Posted by: Anonymous | June 14, 2007 12:33 AM

To BdeRWest and the rest of you exhibitionists: You're missing several points here. First, some of us actually don't like others watching us. Secondly, where would you draw the line? Should we let Google into our bathrooms, our bedrooms? YMCAs universally disallow taking pictures in locker rooms - but that probably wouldn't bother you. Simply because one is in public doesn't automatically exclude the expectation of some measure of privacy. After all, restrooms are in public - should we have Urinal-Cams? You morons don't seem to see the gradual deterioration of personal rights - those rights include a reasonable expectation that someone will not automatically post a picture on the web of you picking your nose.

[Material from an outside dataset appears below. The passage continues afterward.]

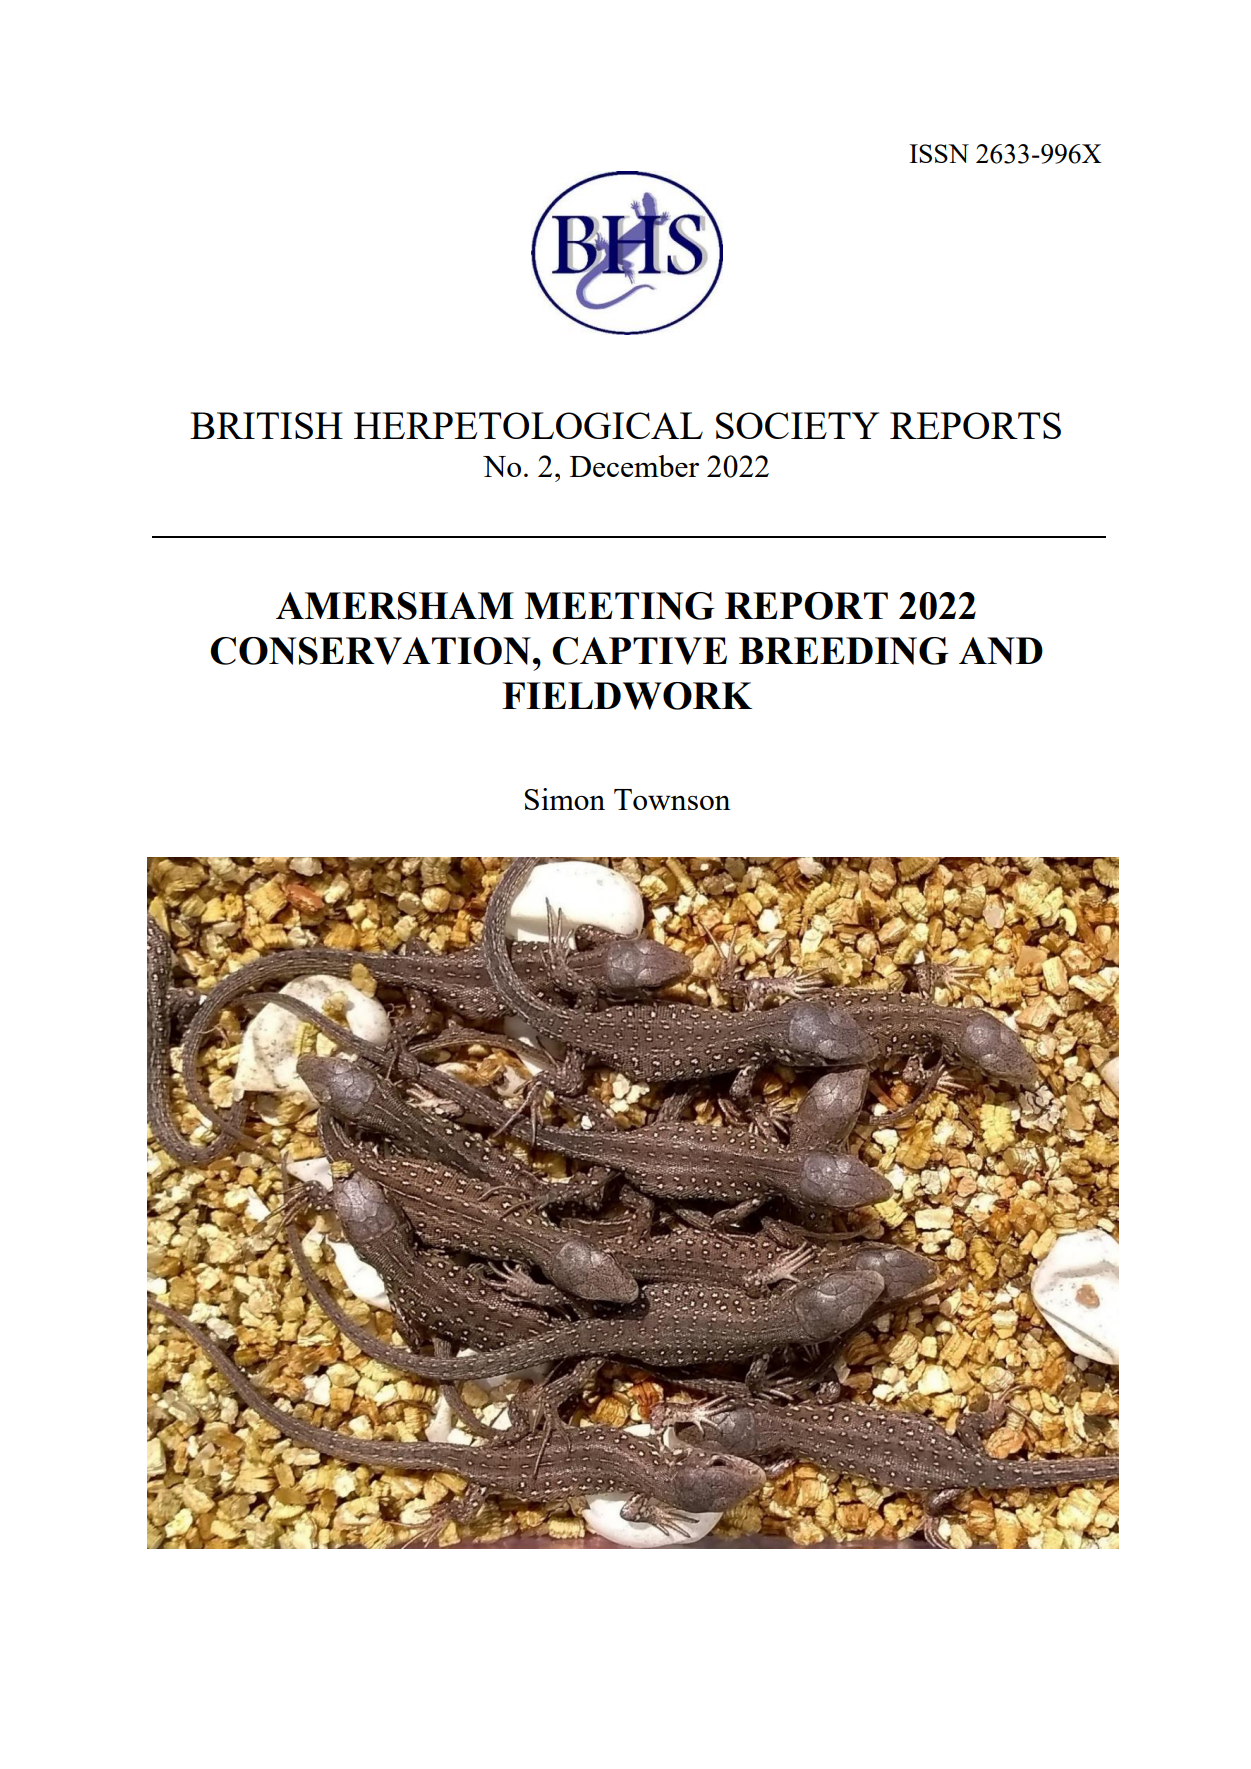 Amersham meeting report 2022  - conservation, captive breeding and fieldwork
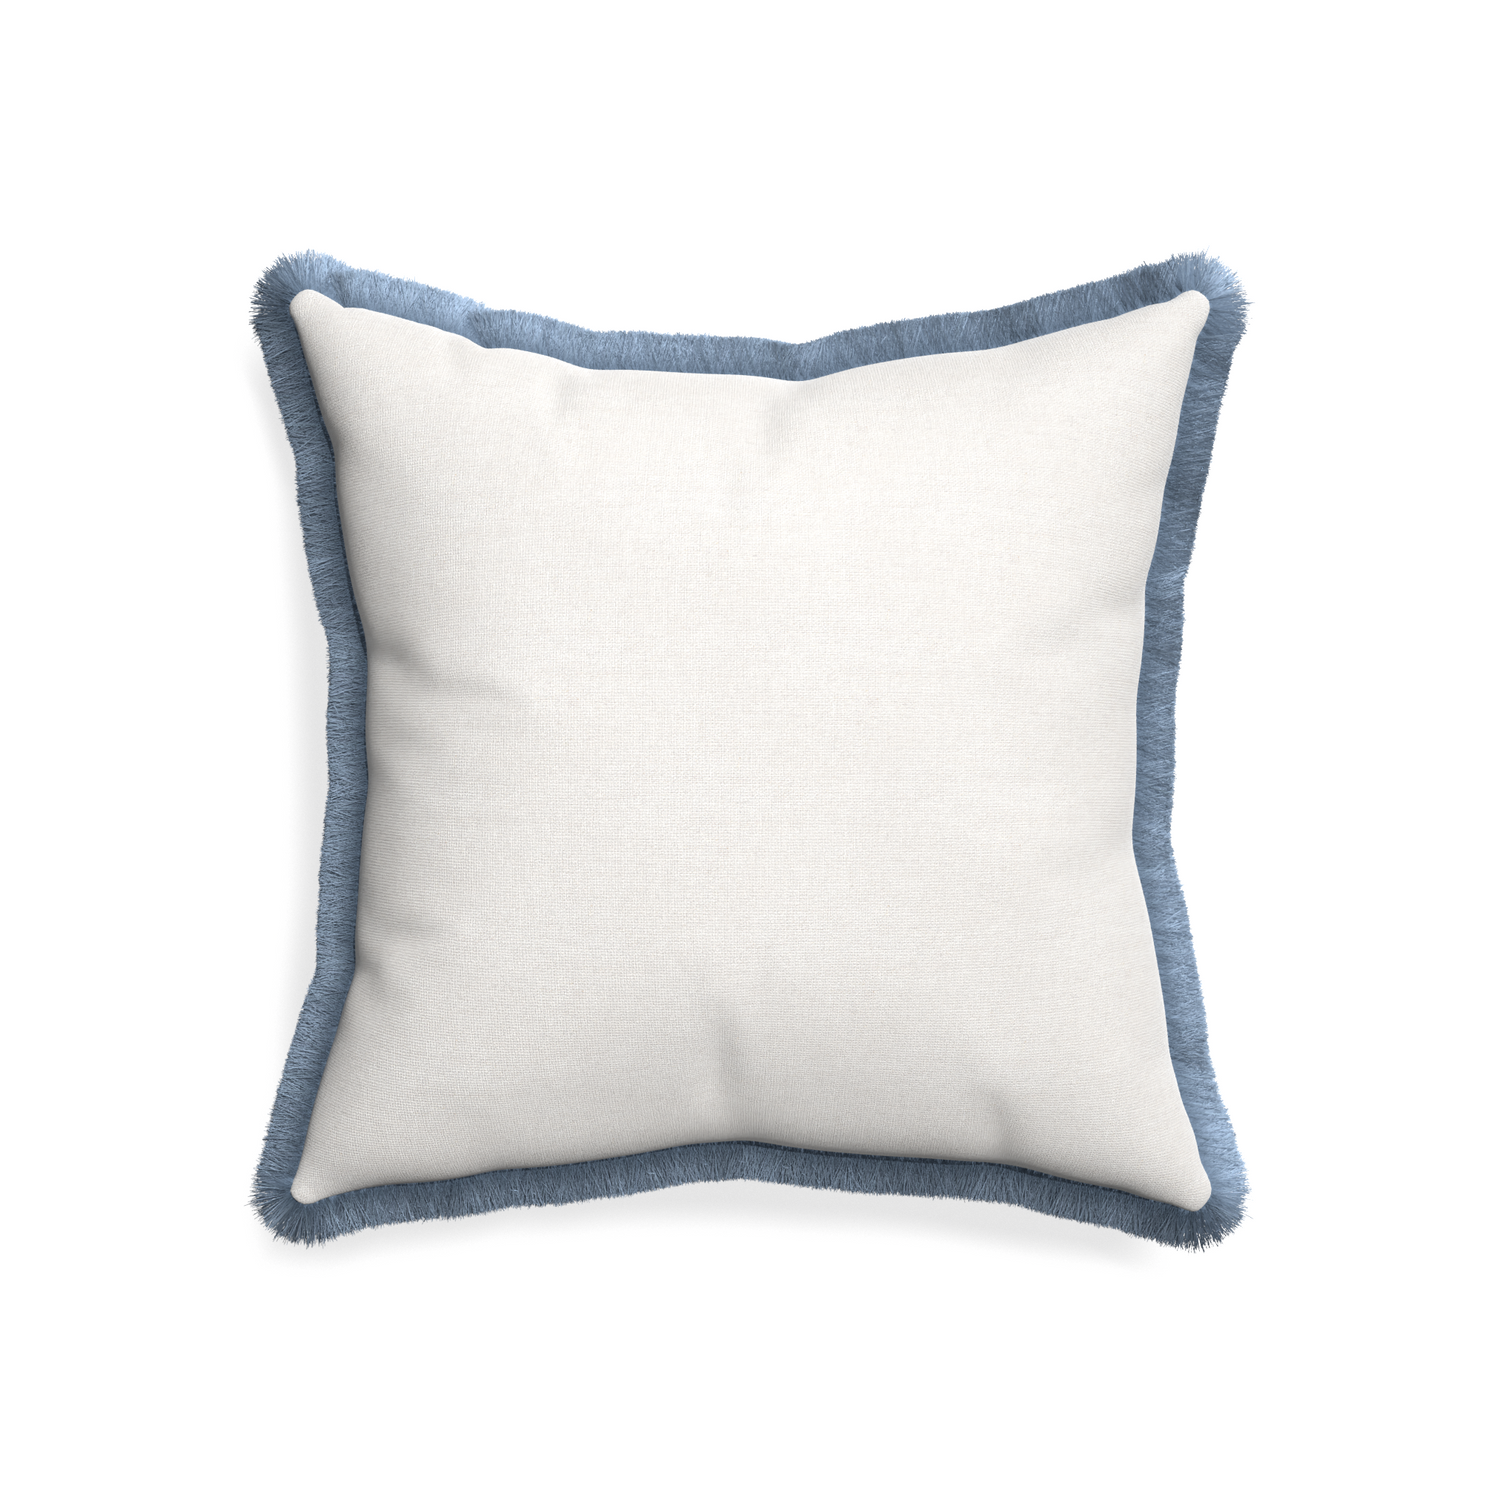 20-square flour custom pillow with sky fringe on white background

Posted by: Special Ed | June 14, 2007 12:33 AM

To BdeRWest and the rest of you exhibitionists: You're missing several points here. First, some of us actually don't like others watching us. Secondly, where would you draw the line? Should we let Google into our bathrooms, our bedrooms? YMCAs universally disallow taking pictures in locker rooms - but that probably wouldn't bother you. Simply because one is in public doesn't automatically exclude the expectation of some measure of privacy. After all, restrooms are in public - should we have Urinal-Cams? You morons don't seem to see the gradual deterioration of personal rights - those rights include a reasonable expectation that someone will not automatically post a picture on the web of you picking your nose.

Posted by: Special Ed | June 14, 2007 12:34 AM

They should consider only blurring the requested images and not remove entire city blocks. The image of the guy

peeing next to the road was removed but about a mile of road where you could zoom in to see him was removed also.
I fear that it could become almost unusable if the policy continues.

If you are looking for some Street View finds I have a site here:

http://www.mapmole.com


Feel free to view, vote and submit.

Posted by: Harley | June 14, 2007 12:54 AM

I added here the most amazing Street View : http://www.geo-trotter.com/cat-street-view.php

Posted by: Geotrotter | June 17, 2007 1:56 PM

Nothing should be blurred. If you are in public, then your picture should be taken. End of story. If you don't like it, then go to a Commie country. God Bless America. Freedom rules!!!!

Posted by: Baba Booey | June 18, 2007 11:33 AM

If you're not doing anything wrong, then you shouldn't be afraid. All these whiners are clearly cheating on their wives, dealing drugs etc. Get a life!!!! GOD BLESS AMERICA!!!!!